Both Ian MacKaye and John Brannon, vocalist of Negative Approach, were in the audience at that SNL show and both used curse words (gasp!) that can be clearly heard on the whole tape
My Favorite are the Ramones ! I visit their Concert in Düsseldorf october 1987 ! IT was a fantastic Concert ! So much Power Like their First concerts from 1974 ! greetings from Lüneburg in Germany !
Jello Biafra is so well-spoken. He's probably one of the smartest punkers still alive today. I do find it kind of funny that he still bitches about Tipper Gore to this day, though.
@@FlyingV555 Milo Aukerman is the vocalist of The Descendants. They essentially were the first Pop Punk band. In early Blink 182 songs, Tom intentionally sounded more like Milo.
The funny thing is Real 'Punks' hated the label of being 'Punk' ...think of how A.I.C., Soundgarden, Nirvana et al.
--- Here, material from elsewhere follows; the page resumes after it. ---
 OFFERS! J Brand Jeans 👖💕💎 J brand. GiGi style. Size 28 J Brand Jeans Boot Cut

Who were not happy being defined as 'Grunge '. They are outsiders, pioneers, artists... Look at what Lydon did with PIL !
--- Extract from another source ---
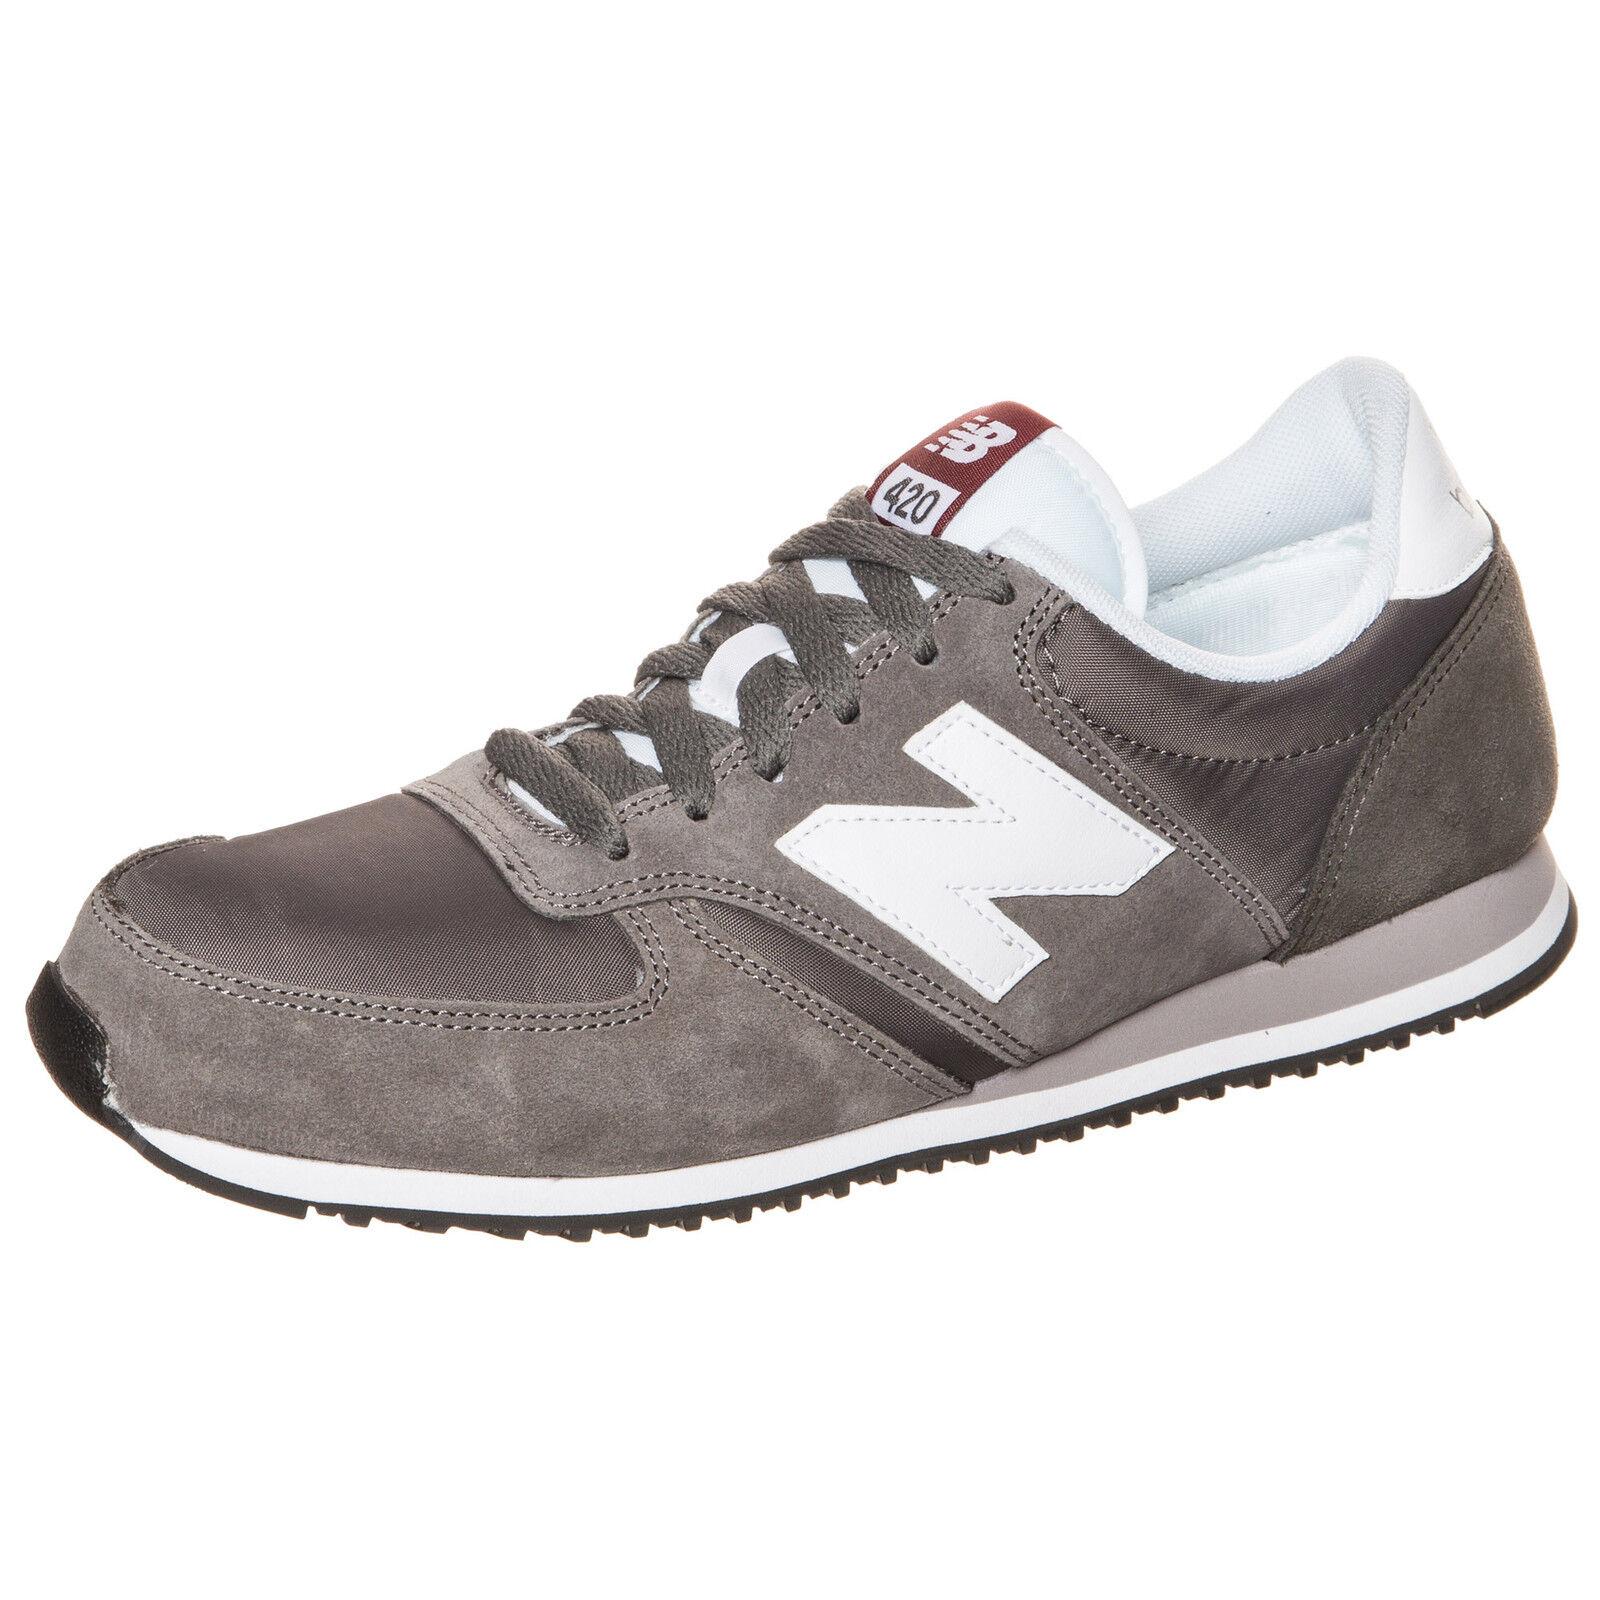 New Balance U420-CGW-D Sneaker Grau NEU Schuhe Turnschuhe

Same thing with Goths, Sisters of mercy hated it so much even though they were goth icons. I don't think there were any goth bands who were actually ok with the label!
There's a quote that I think is attributed to GQ magazine: "In an ideal world, Green Day would be paying royalties to Stiff Little Fingers until the day they die"
That straight edge dude: "why would you not want to be in the moment". He doesn't understand two things, you can do drugs to enhance mood &/or to elevate your thinking & sometimes you need an escape from the moment. I do however, agree with the "why poison yourself" comment, although he's being a little over dramatic about it.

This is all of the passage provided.